New York Knicks head coach Jeff Hornacek looks on in...

New York Knicks head coach Jeff Hornacek looks on in the second half of an NBA basketball game against the Miami Heat at Madison Square Garden on Friday, April 6, 2018. Credit: Kathleen Malone-Van Dyke

Jeff Hornacek could not last through the Knicks' multiple front offices and rebuilds, but in speaking out about his time in New York for the first time, he expressed no regrets and no hard feelings. 

Appearing on ESPN’s Adrian Wojnarowski’s Woj Pod, he looked back at his time trying to balance his own plans and those of since-fired team president Phil Jackson.

“First of all, I thought it was a great experience," Hornacek said. "As a player, I loved to play in New York. There was one point in my career when I was playing for the 76ers, I thought I was getting traded to New York. And so I was pretty excited about coming here. Obviously, I played against Phil in the Finals as a coach. And just the atmosphere around the Garden, I think the fans are really knowledgeable here. I can remember those years when we came here as an opponent and they actually cheered and appreciated good basketball."

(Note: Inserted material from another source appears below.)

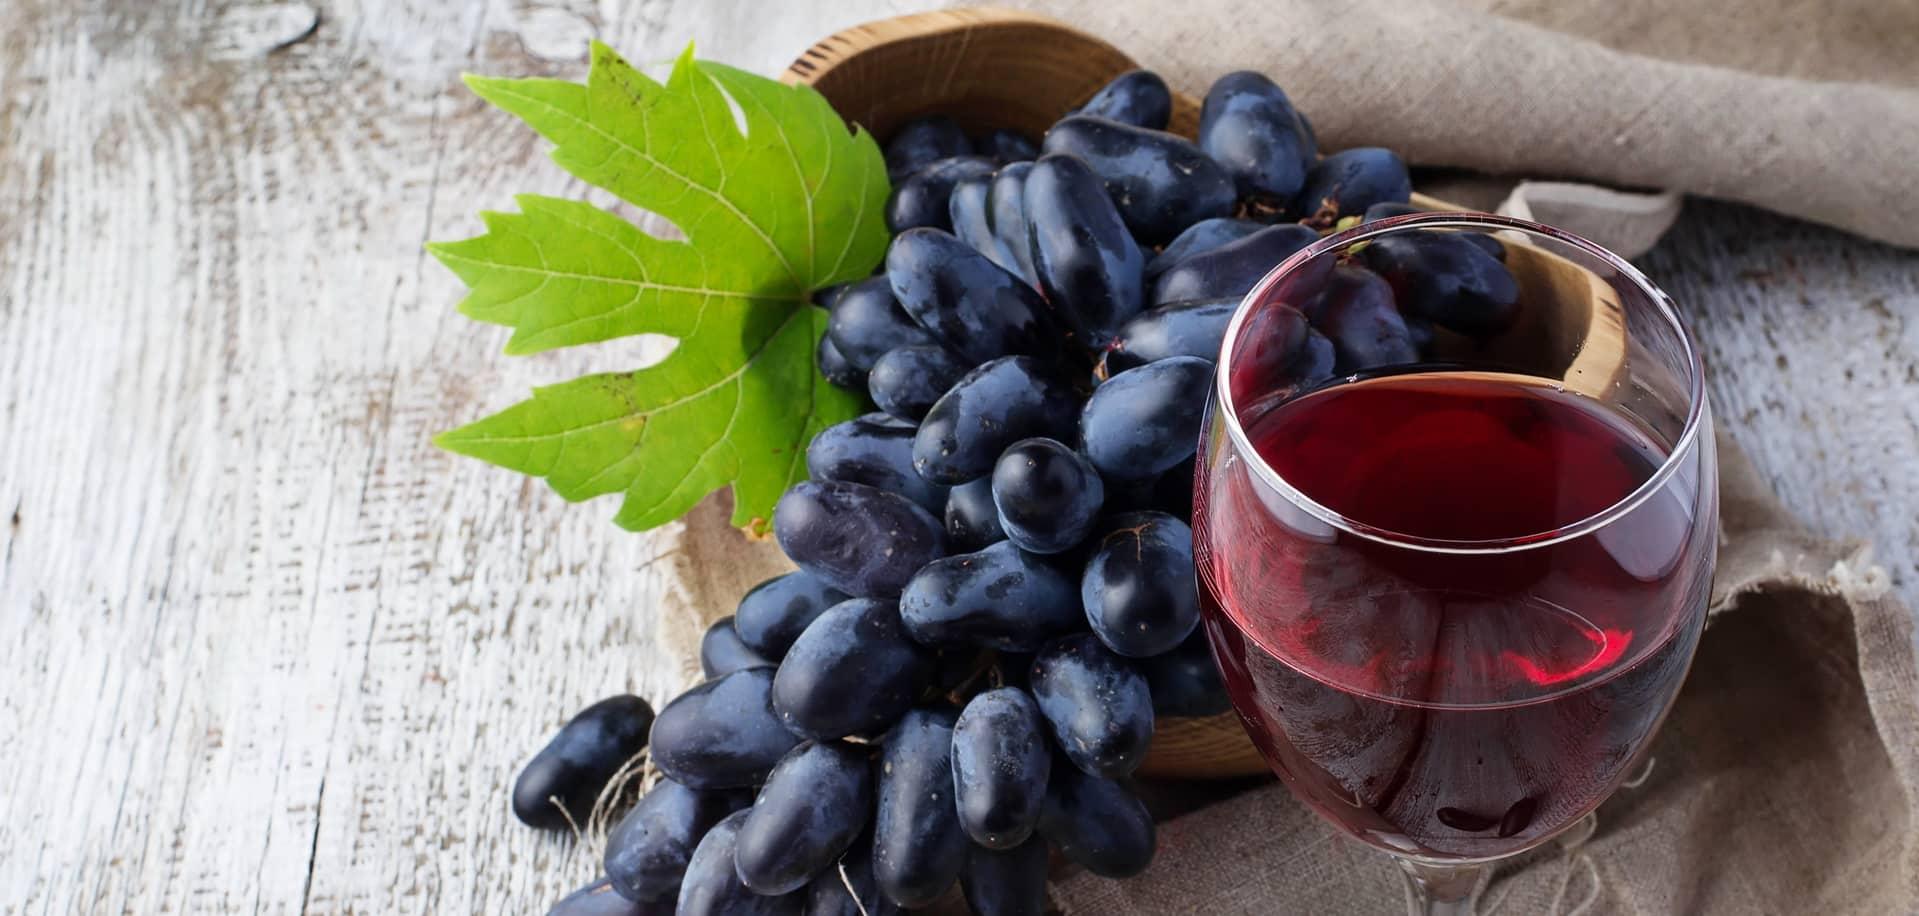 il vino rosso è un'importante fonte di flavonoidi e quindi catechine
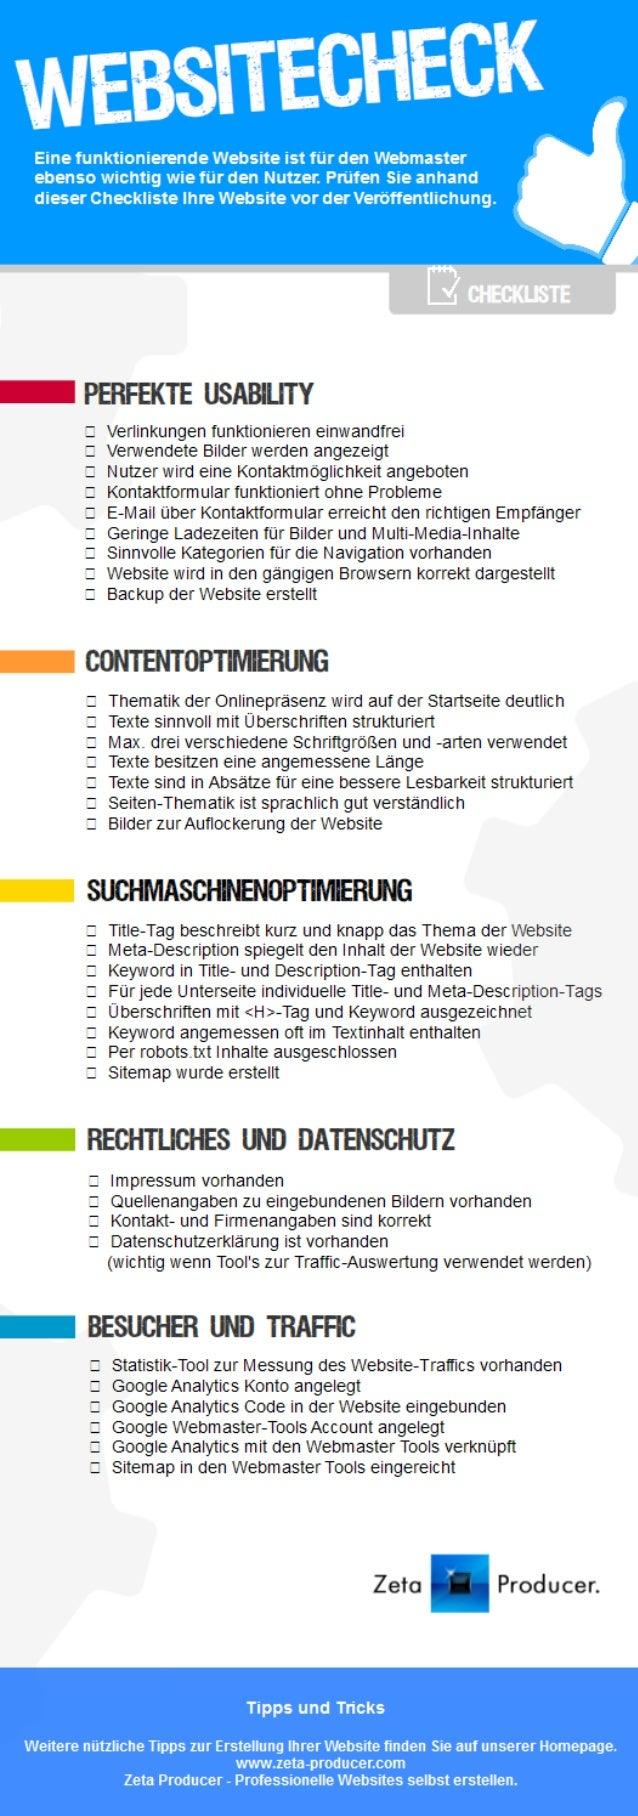 Zeta Producer Desktop CMS - Website Checkliste

Much of Hornacek’s troubles began in his first season in New York. The team began to struggle and Jackson insisted on  moving from a blend of Hornacek's strategy and Jackson’s preferred triangle offense to a full implementation of the triangle, according to players and coaches who were with the team at the time. But Hornacek downplayed the differences on the podcast.

"What Phil wanted to do is mix his triangle principles with today's game," Hornacek said. "We tried to mix it up and I probably wasn't as successful as I'd like to be on that. We used aspects of it. He was never saying,  'Hey, you need to go full triangle.' He saw that the game had changed. But he saw there was a lot of parts of the triangle that's still playing basketball.

"It takes that time. Carmelo [Anthony] knew how to run the triangle. He's a smart player. But when it gets down to it, you need five guys that are on the court to really understand all the parts and little details. And that's why I say it takes years for a group to stay together."